Добавить в цитаты Настройки чтения

Страница 60 из 81

По возвращении в Бергхейм мне пришлось пролежать в постели дней десять. Я уже успел забыть, как холодно весной в бергхеймском доме. Сквозь сон я шарил по постели, отыскивая чехол из шерсти грубой вязки, который надевали на медную грелку, сделанную из гильзы от французского снаряда времен то ли франко-прусской, то ли Первой мировой войны; в детстве, лежа в ледяной кровати, я совал в него пальцы. Я простирал руки вперед, мечтая отыскать хоть что-нибудь теплое. Любопытно: у меня до сих пор сохранилась эта дурацкая привычка простирать руки, в надежде ощутить хотя бы слабое тепло чужой кожи.

Бергхейм зазвенел криками маляров и каменщиков. В глубине души я понимал, что покупка Бергхейма была подобна поиску любви, единственной и неповторимой.

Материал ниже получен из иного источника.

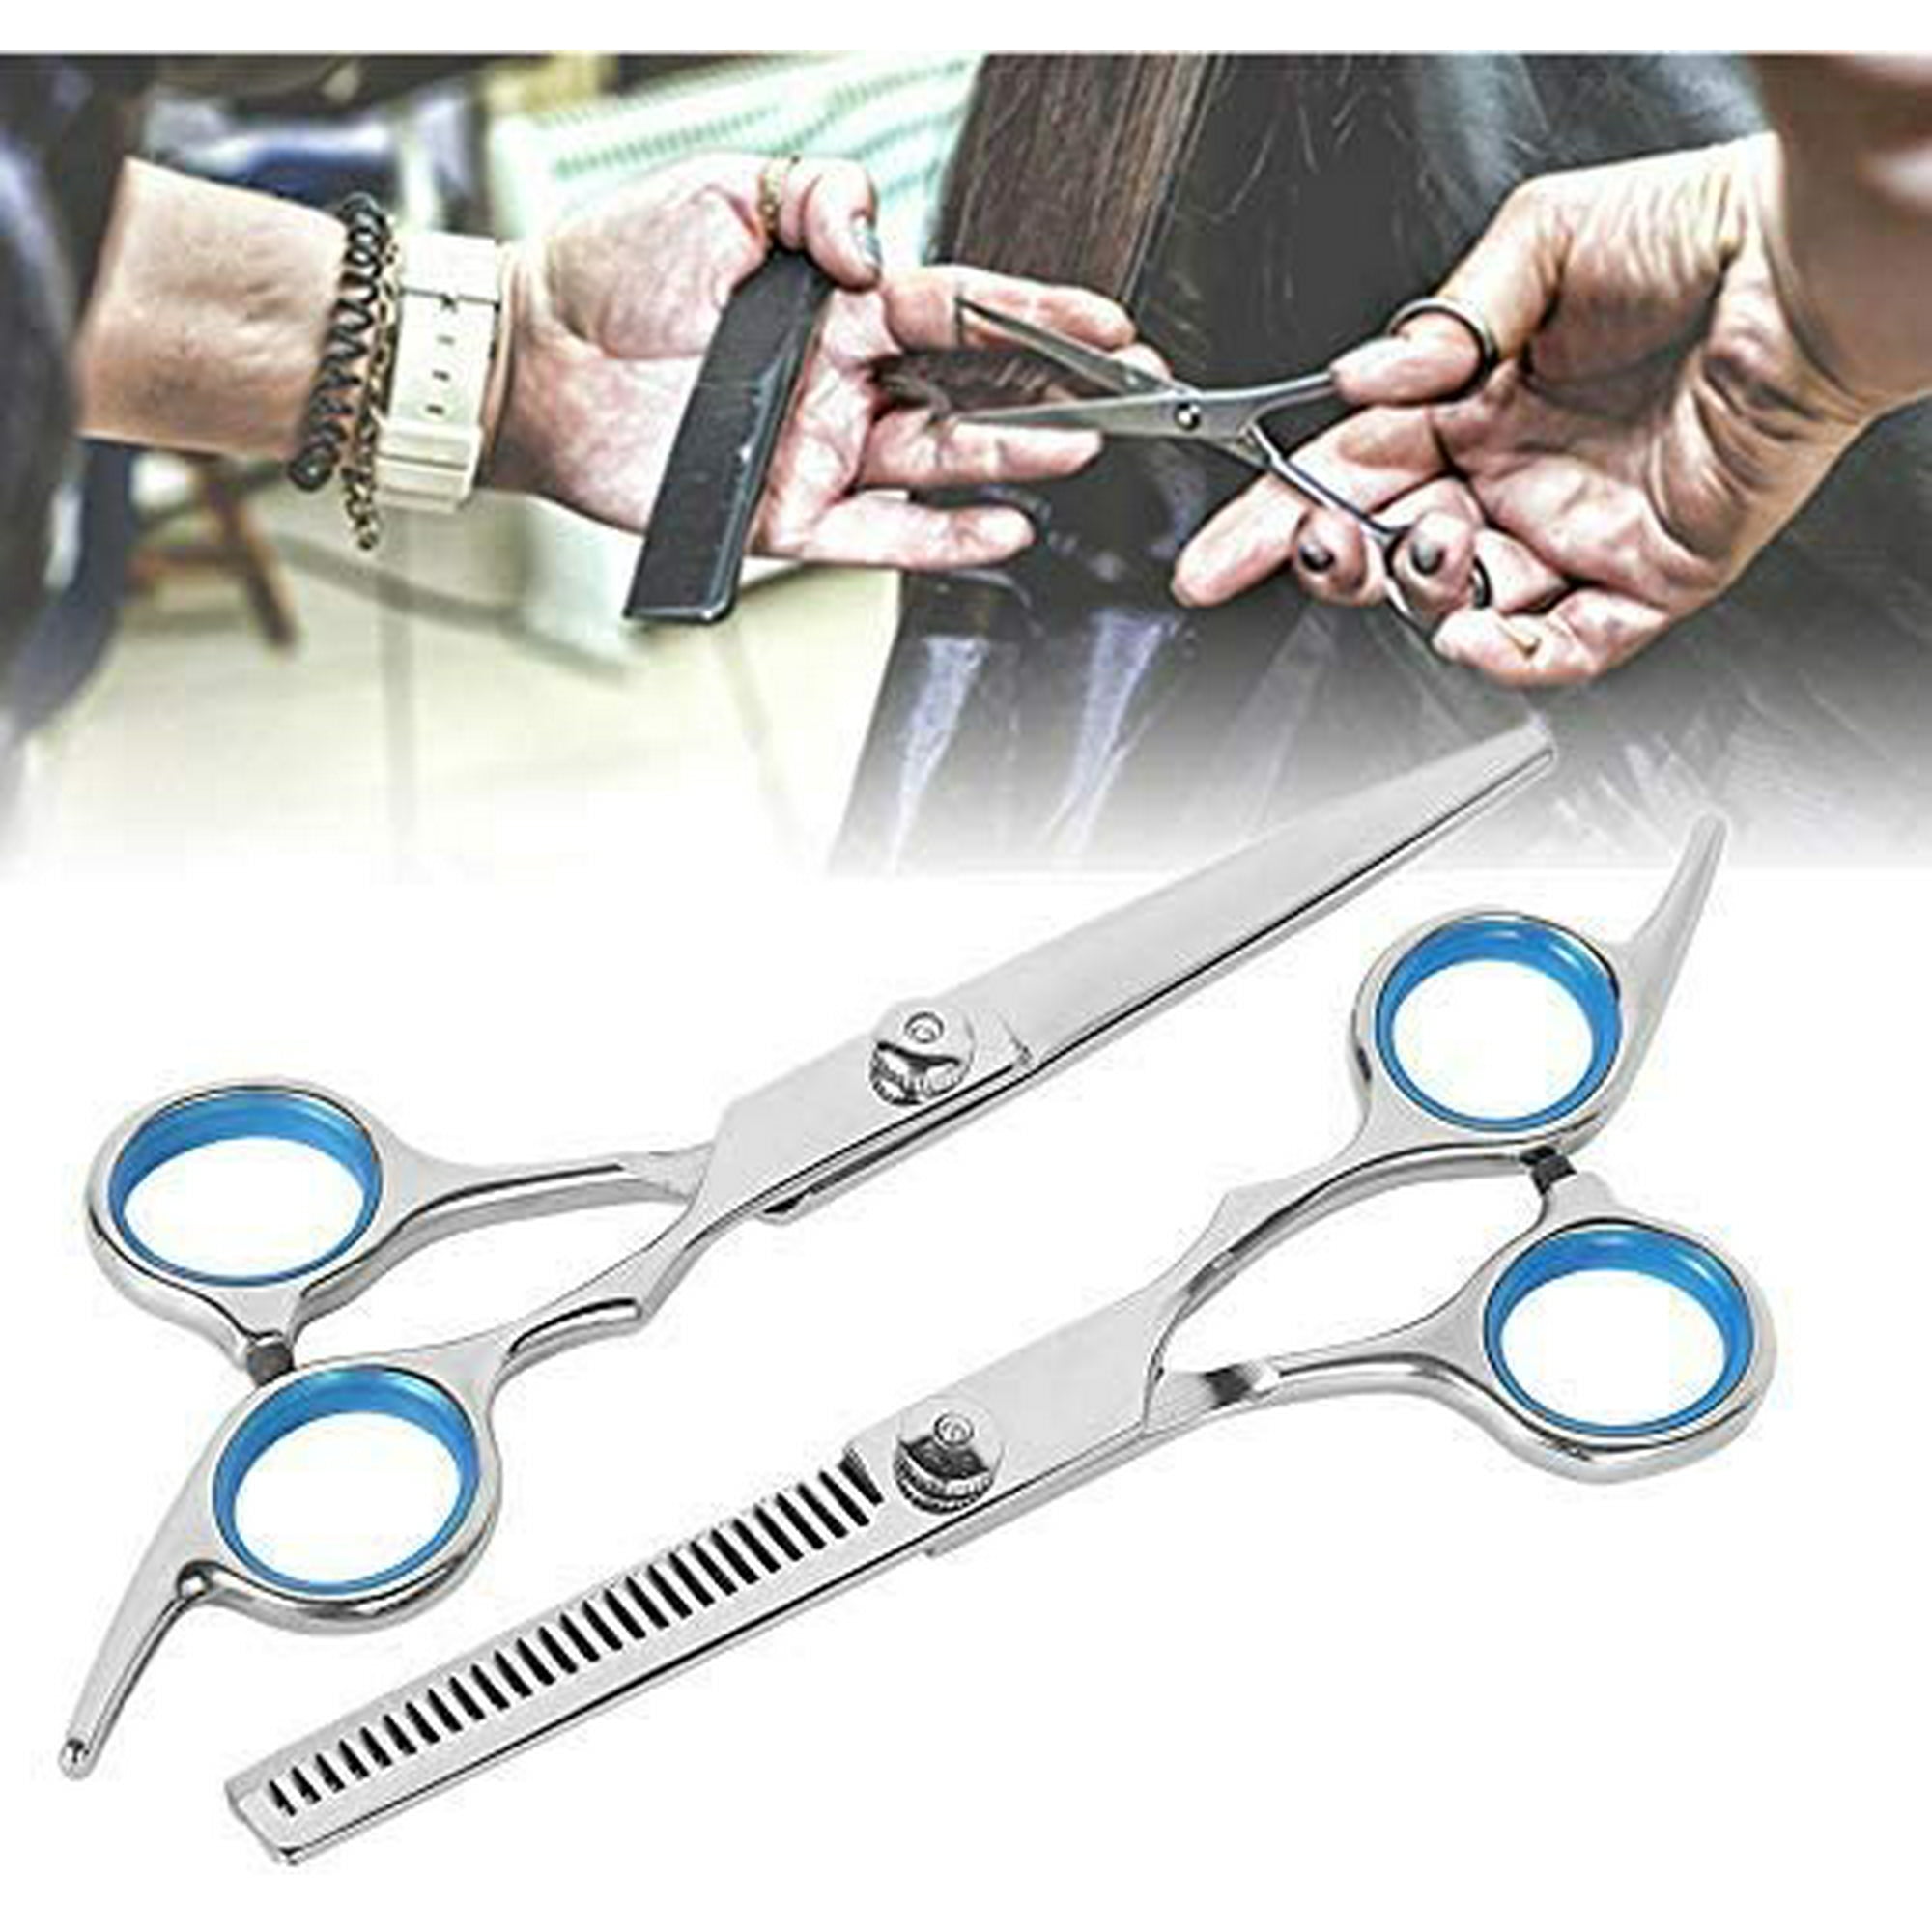 Professional Hair Cutting Kits  Inch Hairdressing Thinning Barber  Scissors Set Hair Cutting Shears for Men and Women | Walmart Canada

Мне хотелось встретить женщину, которой я мог бы дать покой, счастье, наслаждение объятиями и вкусной едой, деньги – все, что угодно, но только не страсть, ни грамма страсти. Хотелось, чтобы мы с ней омыли руки и глаза в чаше Люизы – в свое время Люиза учила меня такому фокусу – и чтобы это омовение навсегда излечило нас от страсти. Когда Люизе было двенадцать или тринадцать лет, она рассказала мне, что, если у человека тыльная сторона руки покрыта бородавками или какими-нибудь болячками, нужно дождаться полнолуния и выставить наружу большую пустую чашу, чтобы ее заполнил ночной свет. Вот в этой-то ночной жемчужно-белой пустоте и следовало омыть руки на исходе ночи – еще до того, как в небе появятся первые сполохи зари. После чего воображаемое содержимое чаши выплескивалось в лицо луны, и бородавки или болячки тут же бесследно исчезали. Увы, способ этот оказался неэффективным, и Люизу отправили на две недели в больницу для удаления бородавок, которые расползлись у нее по ступням. Иногда, поднявшись до рассвета, я вспоминаю, как Люиза в ночной рубашке в апрельском холоде стояла, балансируя на одной ноге и пытаясь окунуть пальцы другой в чашу с лунным светом. И я представляю себе, как мы с той женщиной без любви – пылкой, эгоистичной и жизнерадостной – выплеснули бы в лицо луны существующее лишь в наивной детской фантазии содержимое большой чаши, и тотчас развязались бы все гордиевы узлы, развеялся душный, опостылевший фимиам страстей, и все это улетучилось бы в ночную пустоту, – правда, такая пустота зовется смертью.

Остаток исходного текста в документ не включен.